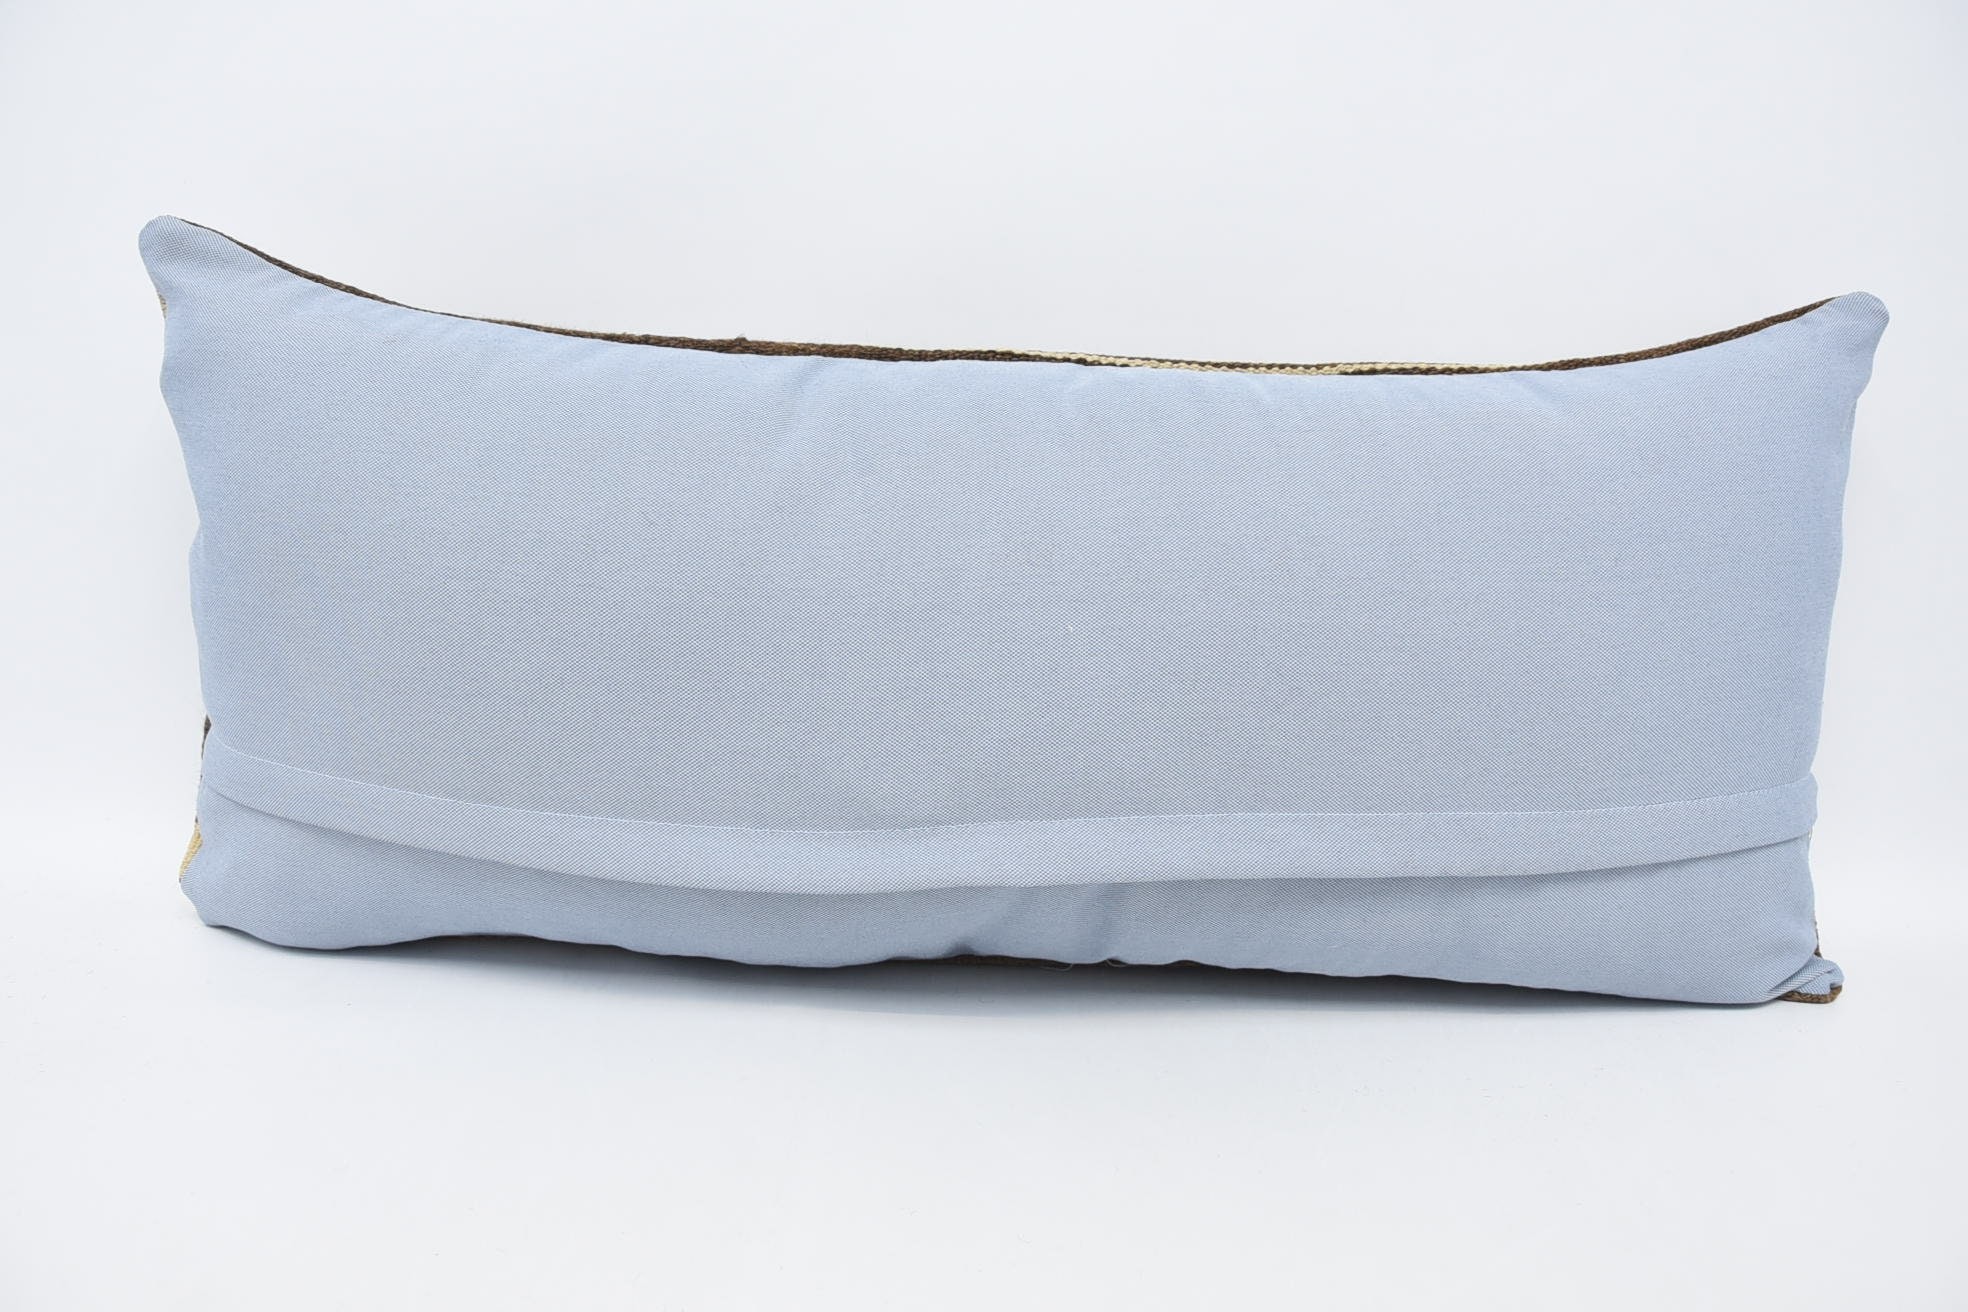 Kilim Pillow, 16"x36" Brown Pillow Cover, Cozy Throw Pillow Case, Home Decor Pillow, Meditation Pillow Cover, Handmade Kilim Cushion
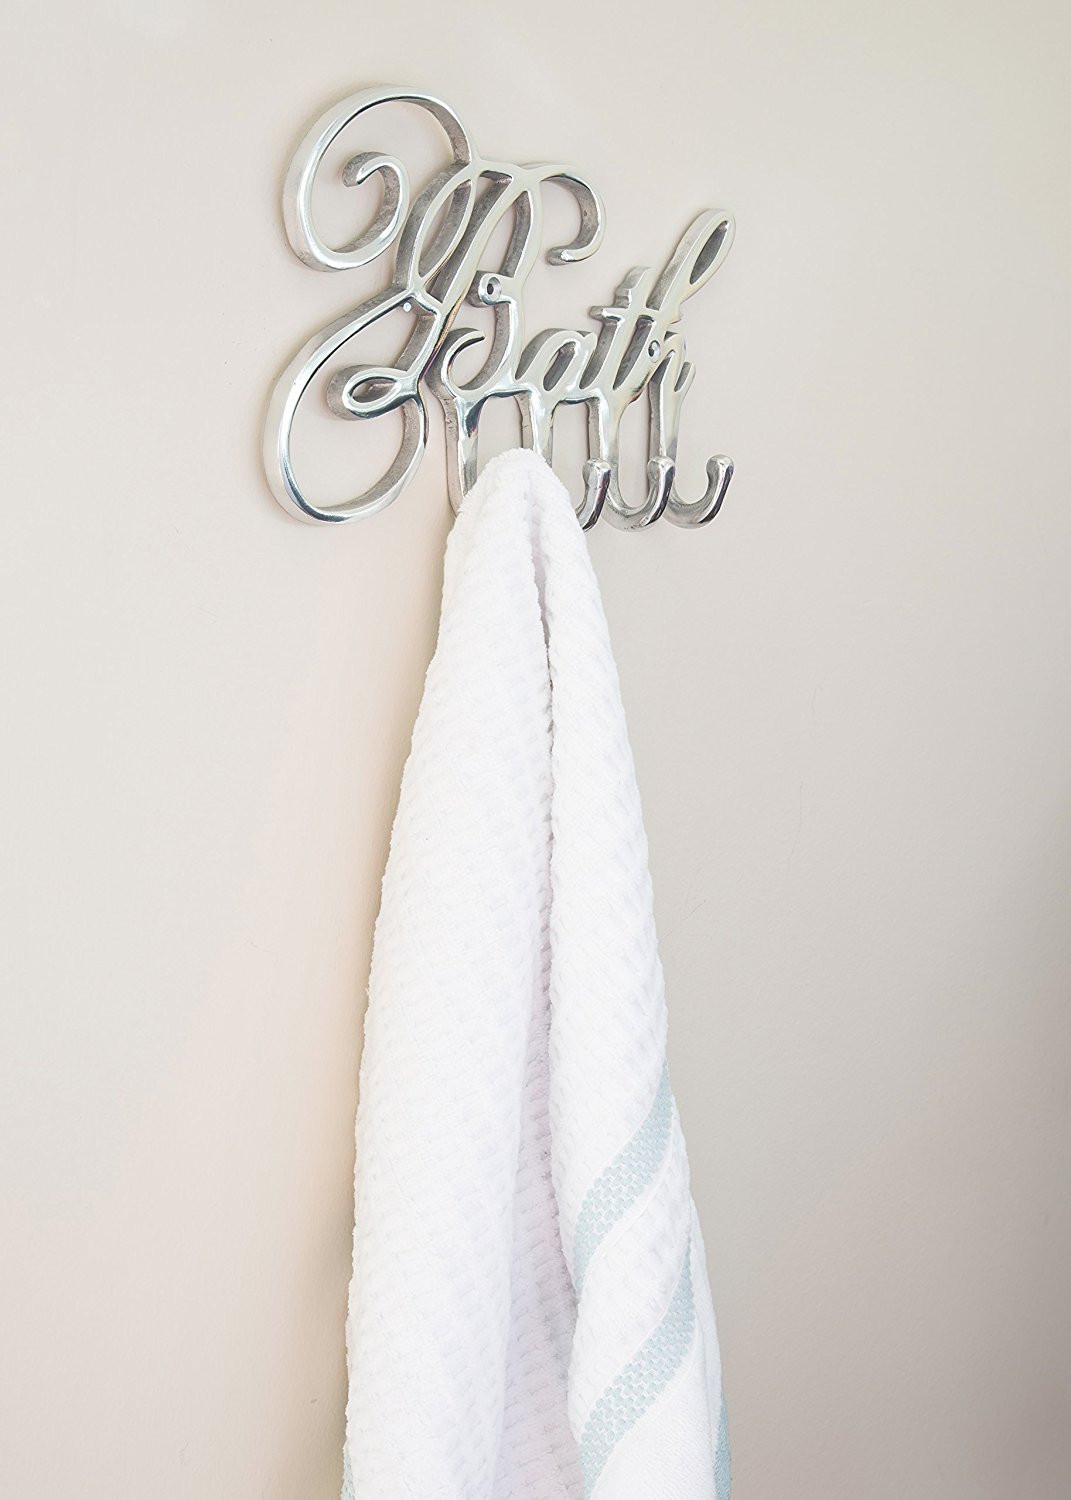 Decorative Bathroom Hooks
 Decorative Bath Towel Hooks Bathroom Hanger by fify

—————

Please set down the lines above word for word and leave out the pictures.

- **WRITTEN SOLUTION**:
 Kilim Pillow, 16"x36" Brown Pillow Cover, Cozy Throw Pillow Case, Home Decor Pillow, Meditation Pillow Cover, Handmade Kilim Cushion
 Decorative Bathroom Hooks
 Decorative Bath Towel Hooks Bathroom Hanger by fify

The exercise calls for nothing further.